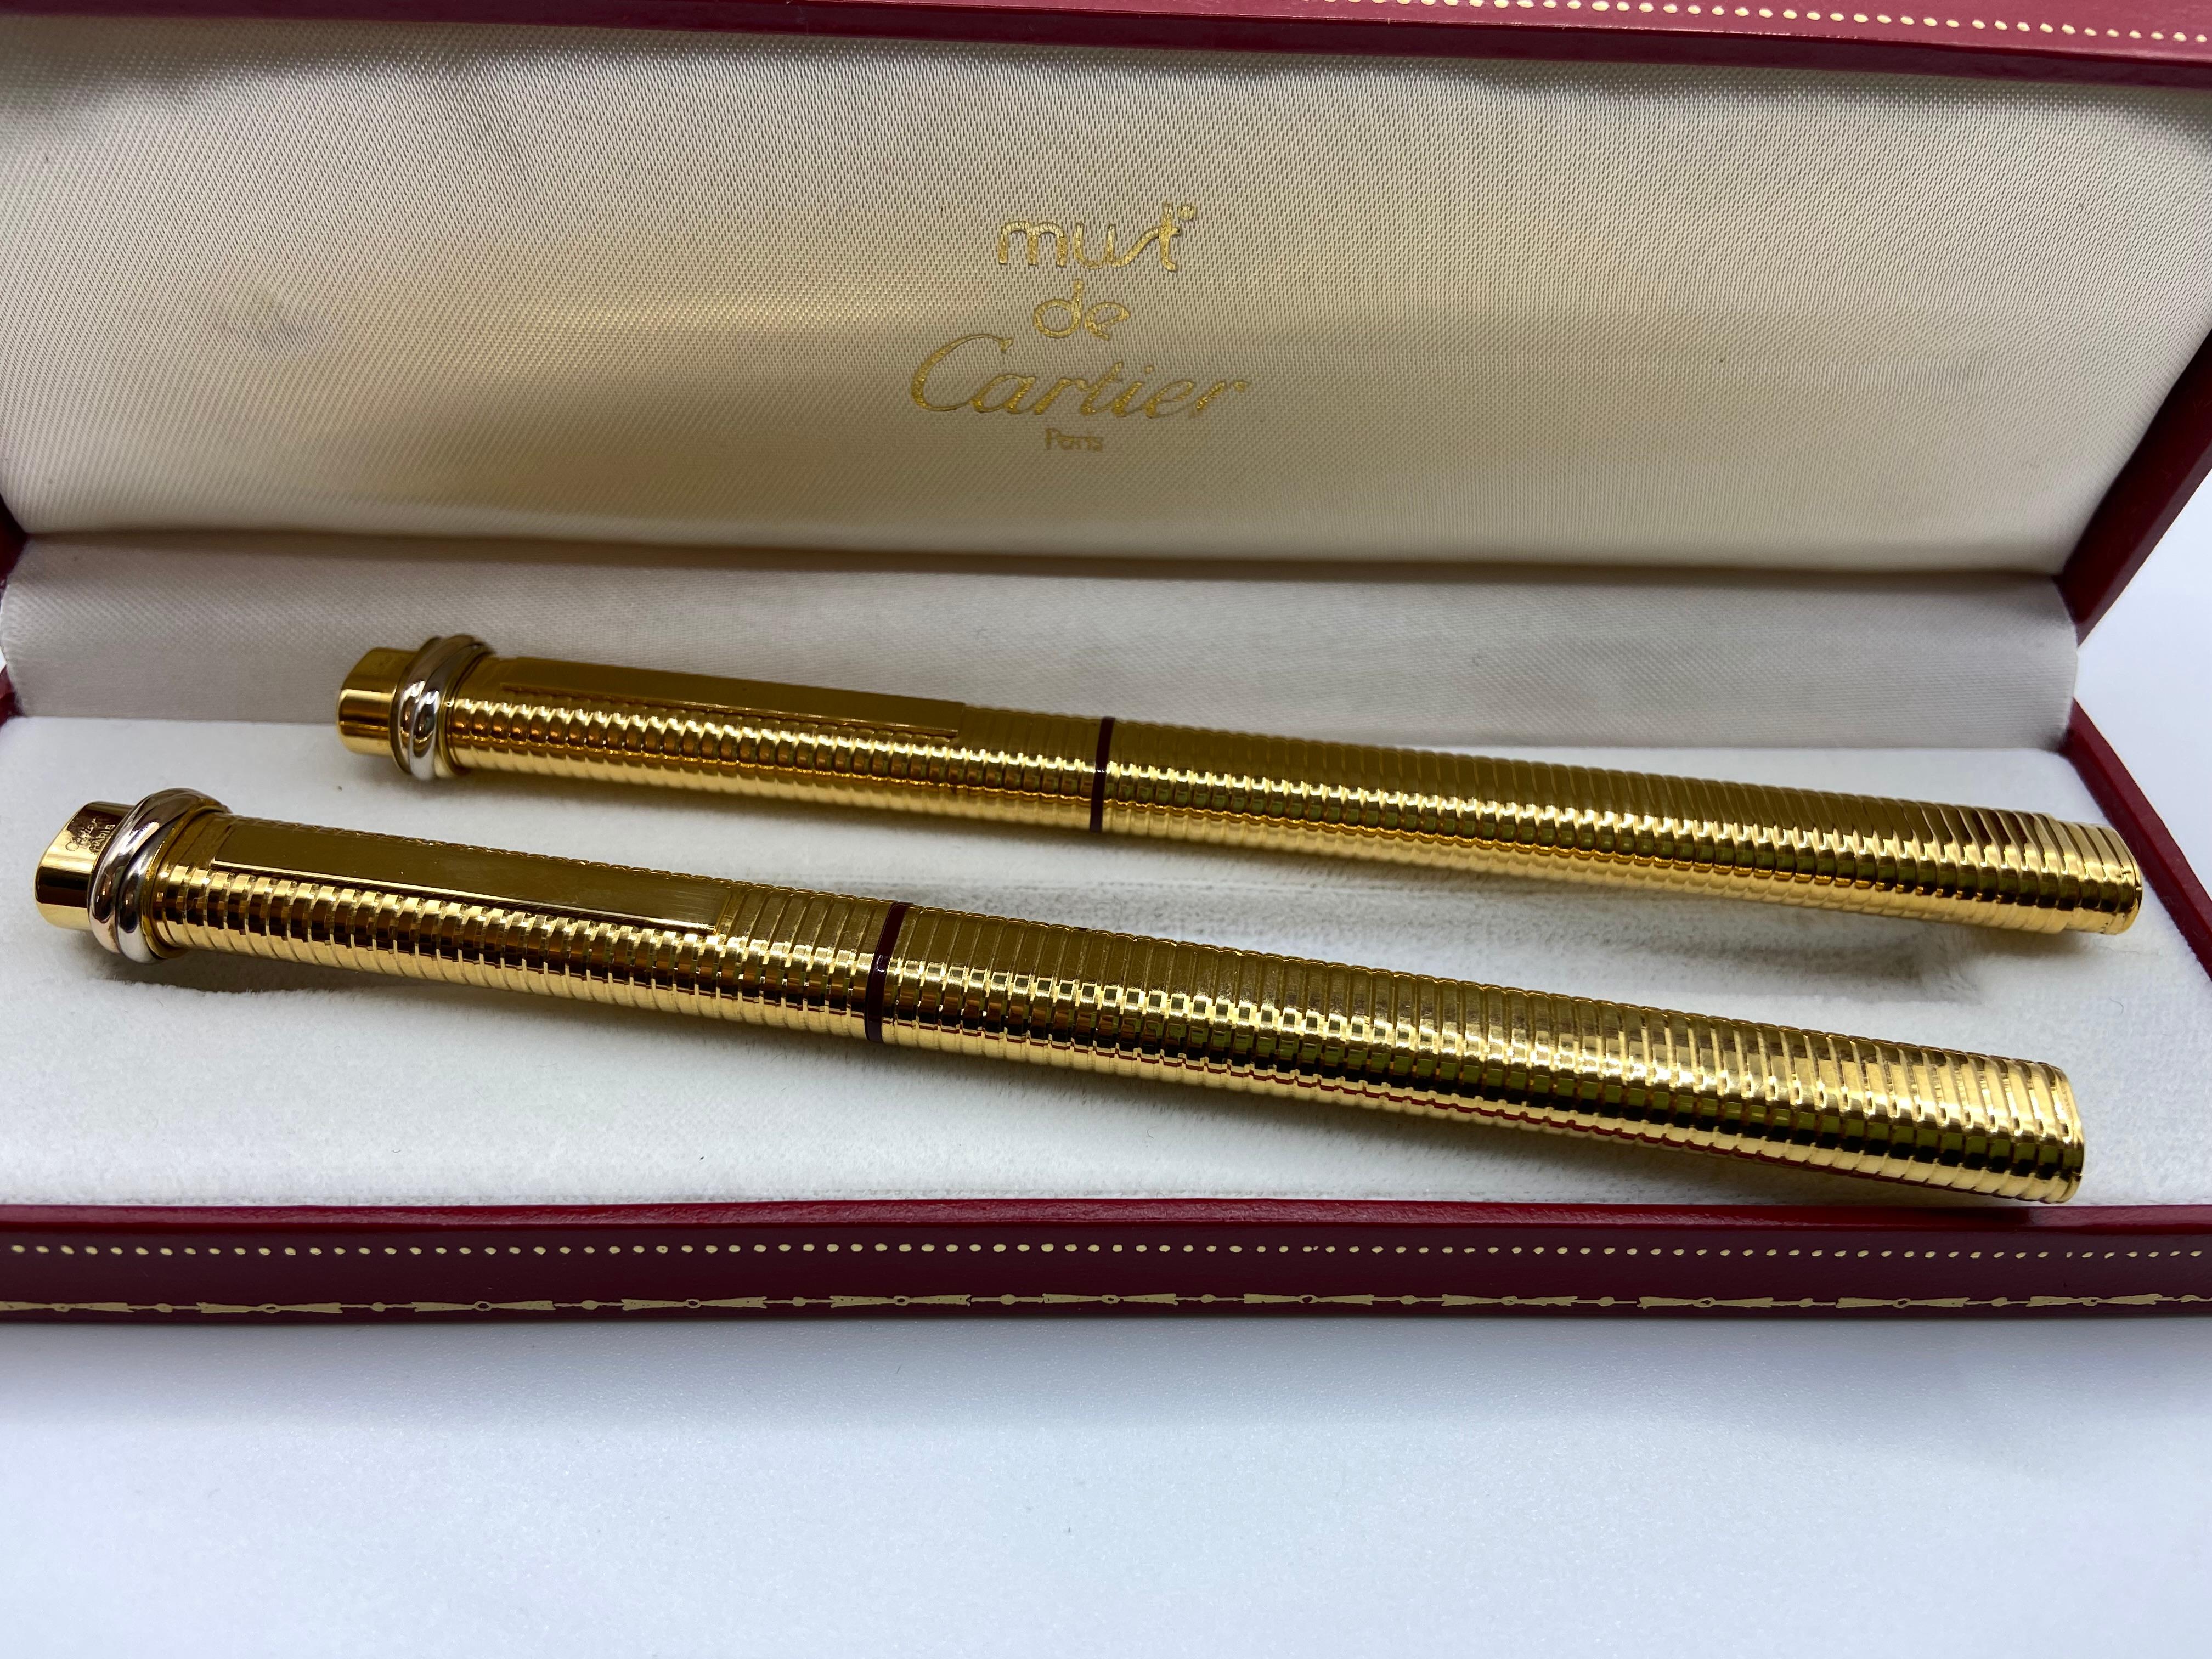 Two Pens, a Fountain Pen and a Roller, Santos by Must de Cartier, 18 Kt Gold Plated 8
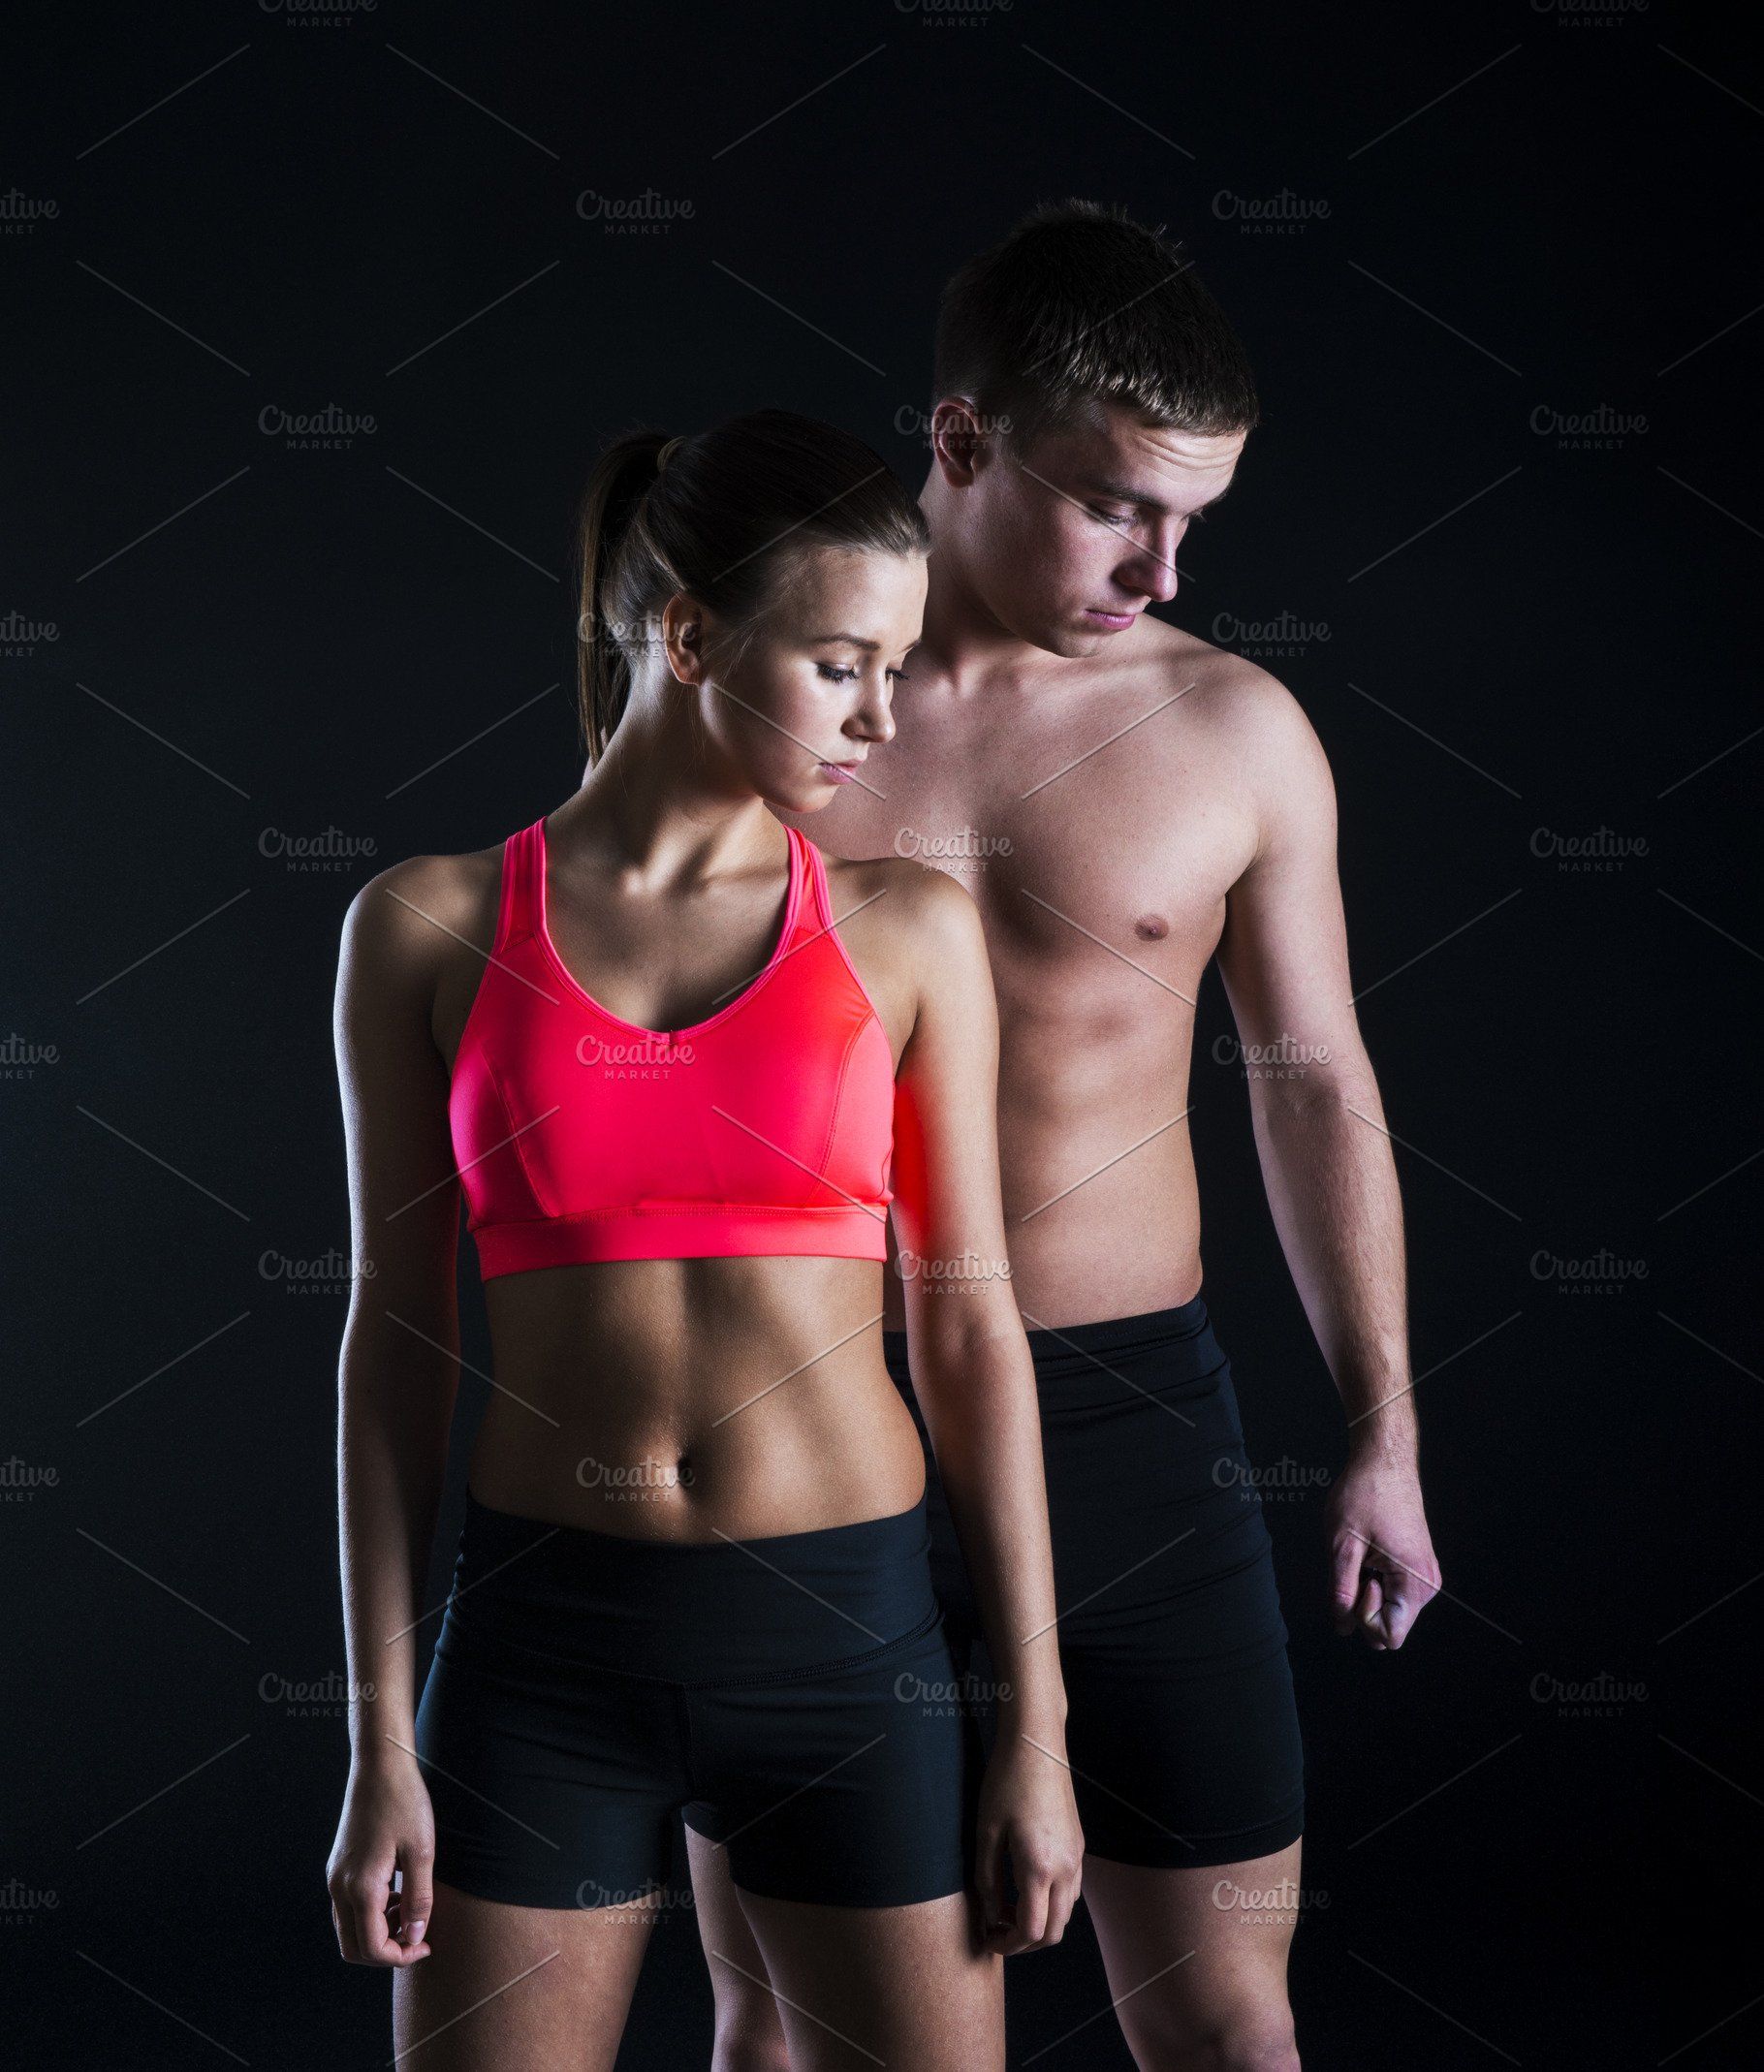 Fitness Couple. High Quality People Image Creative Market
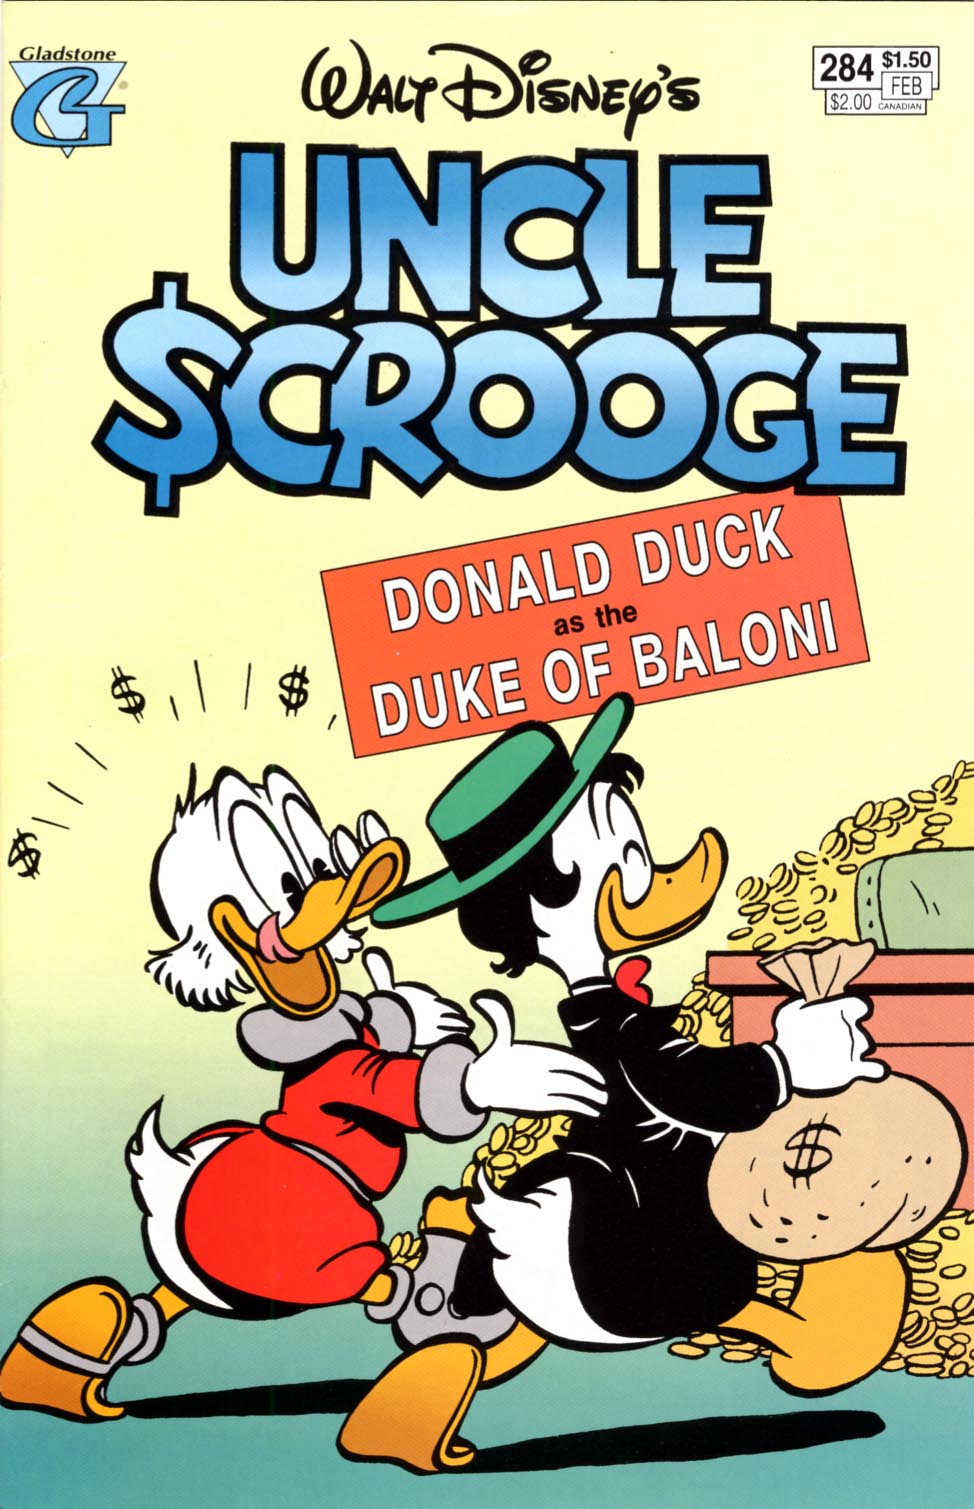 Read online Uncle Scrooge (1953) comic -  Issue #284 - 1

● Problem to solve:
Transcribe each line above exactly, pictures excluded.

● Solution:
 Two Pens, a Fountain Pen and a Roller, Santos by Must de Cartier, 18 Kt Gold Plated 8
 Fitness Couple. High Quality People Image Creative Market
 Read online Uncle Scrooge (1953) comic -  Issue #284 - 1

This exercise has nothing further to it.